◆ **WHAT IS NEEDED**:
Any picture in the listing is left out of the copy; all else is duplicated exactly.

─── PROVIDED DATA ───

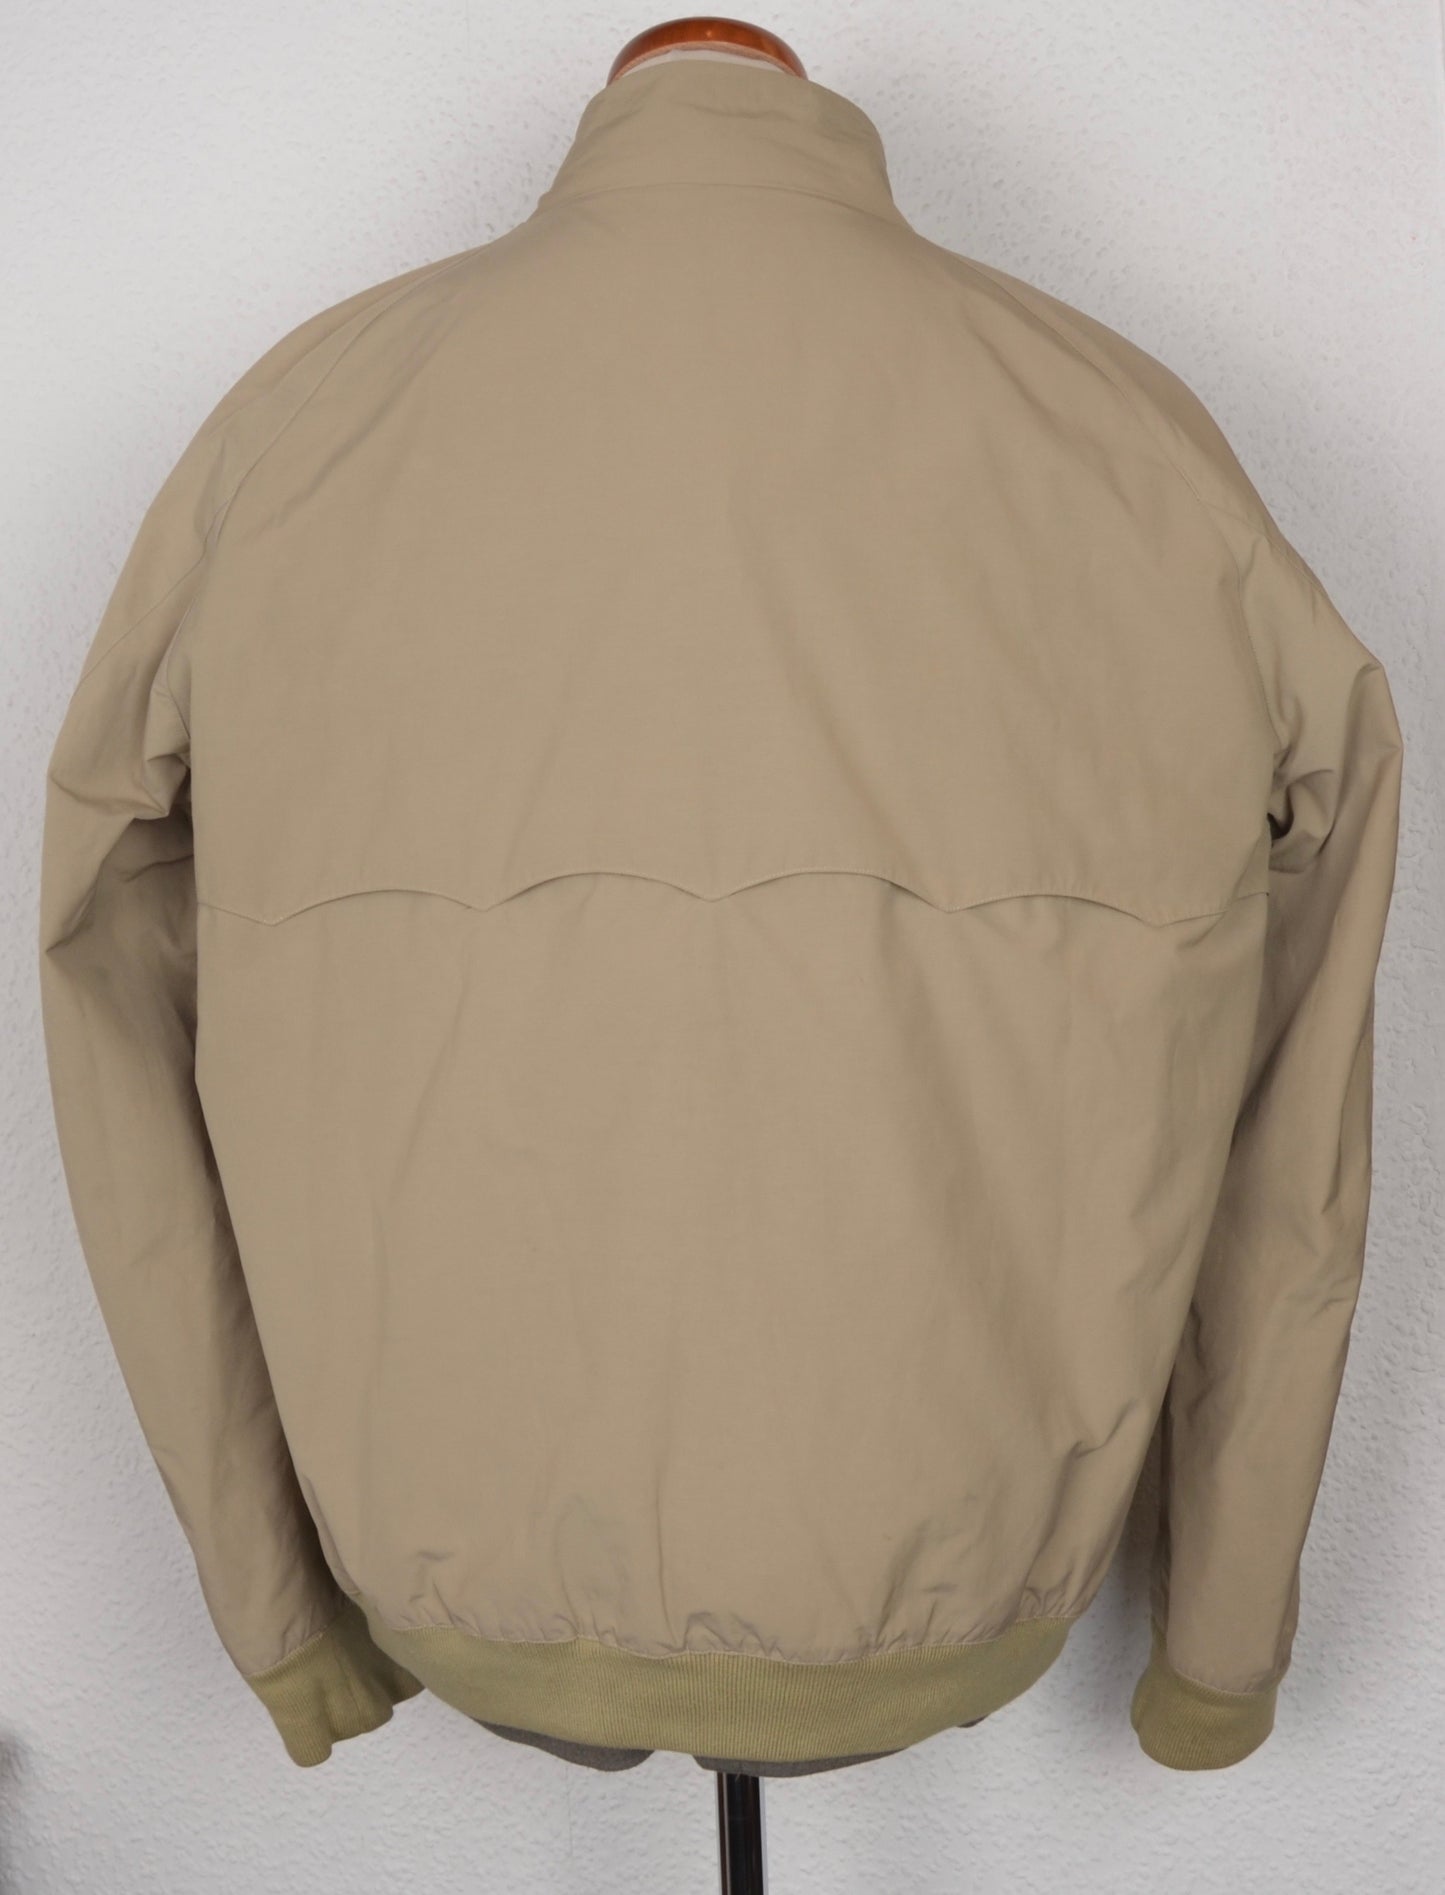 Baracuta G9 Harrington Jacket Size 48 - Tan
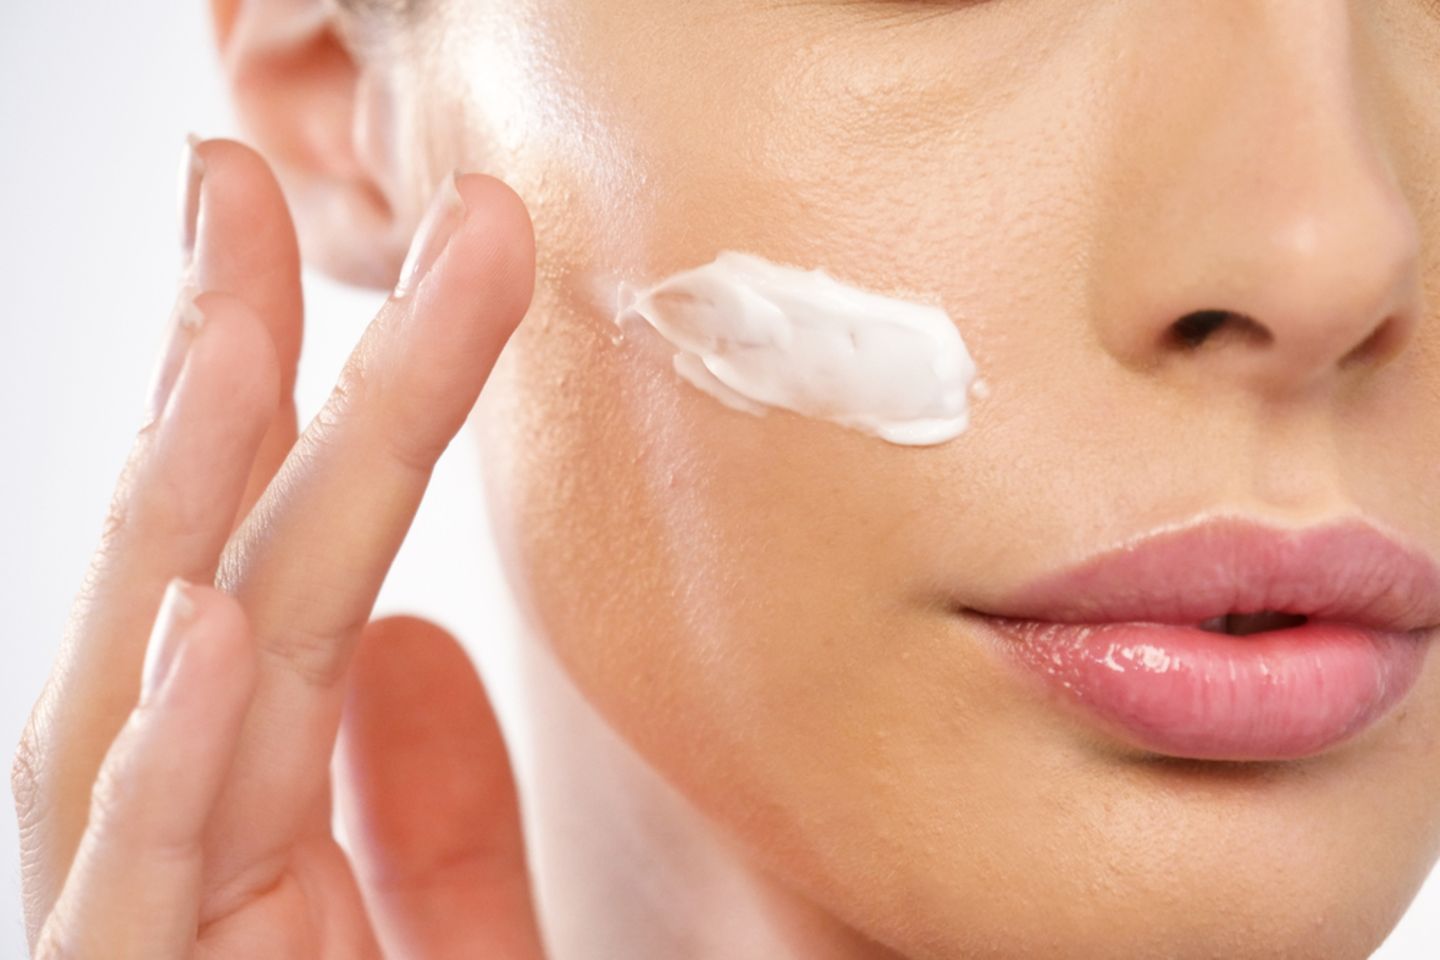 Hautpflege: Frau cremt sich das Gesicht ein
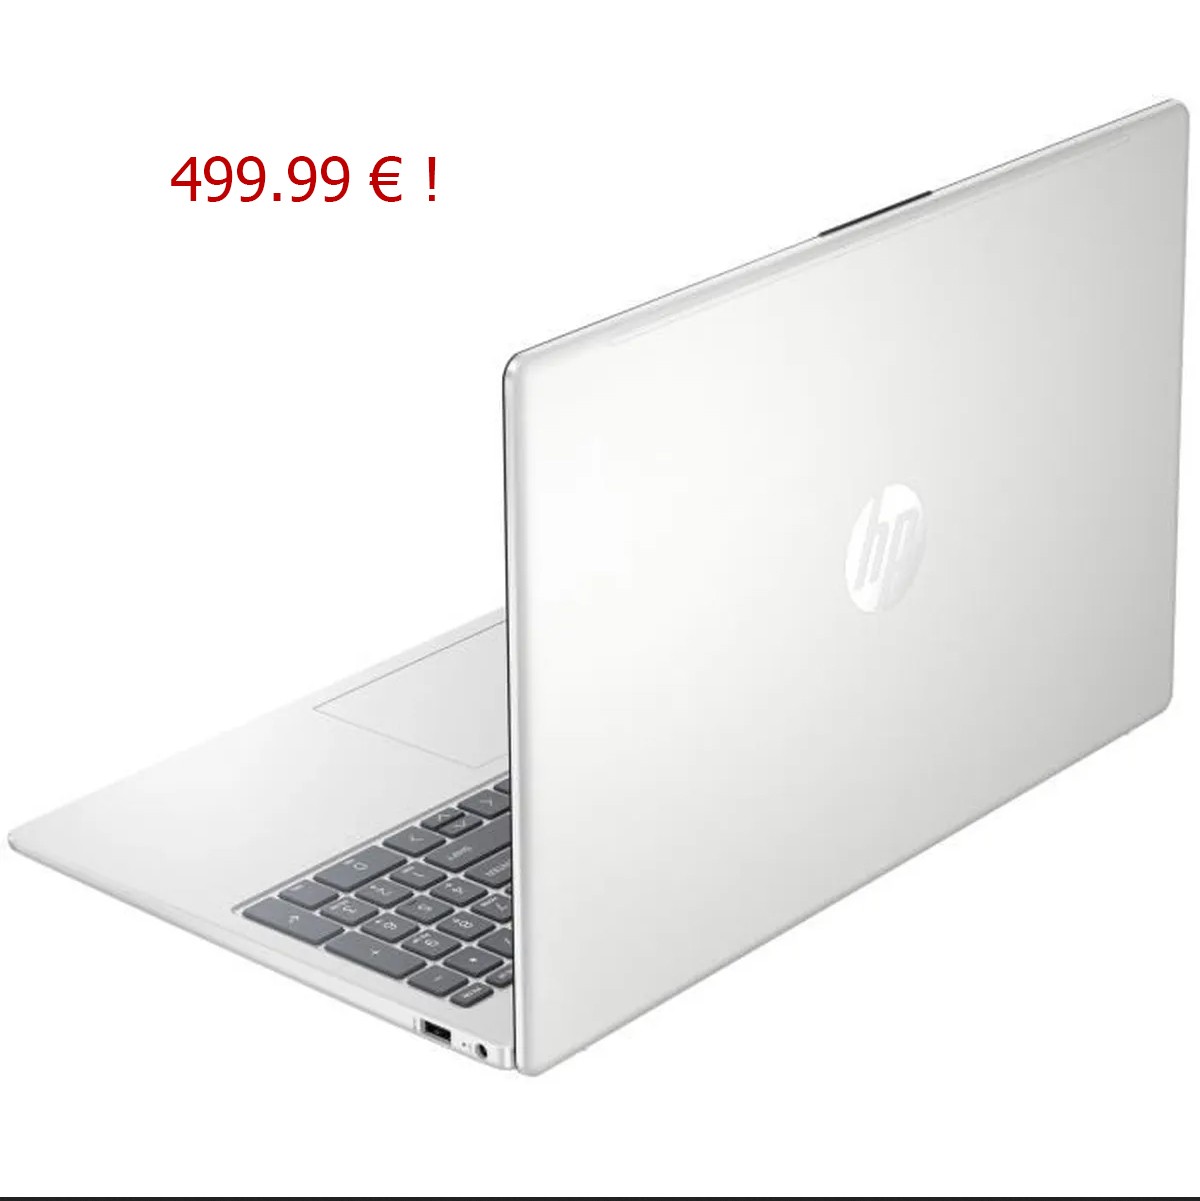 Un sympathique ordinateur portable 15.6 pouces HP à moins de 500 euros

───

◆ **WORKED SOLUTION**:
 Baracuta G9 Harrington Jacket Size 48 - Tan
 Hautpflege: Frau cremt sich das Gesicht ein
 Un sympathique ordinateur portable 15.6 pouces HP à moins de 500 euros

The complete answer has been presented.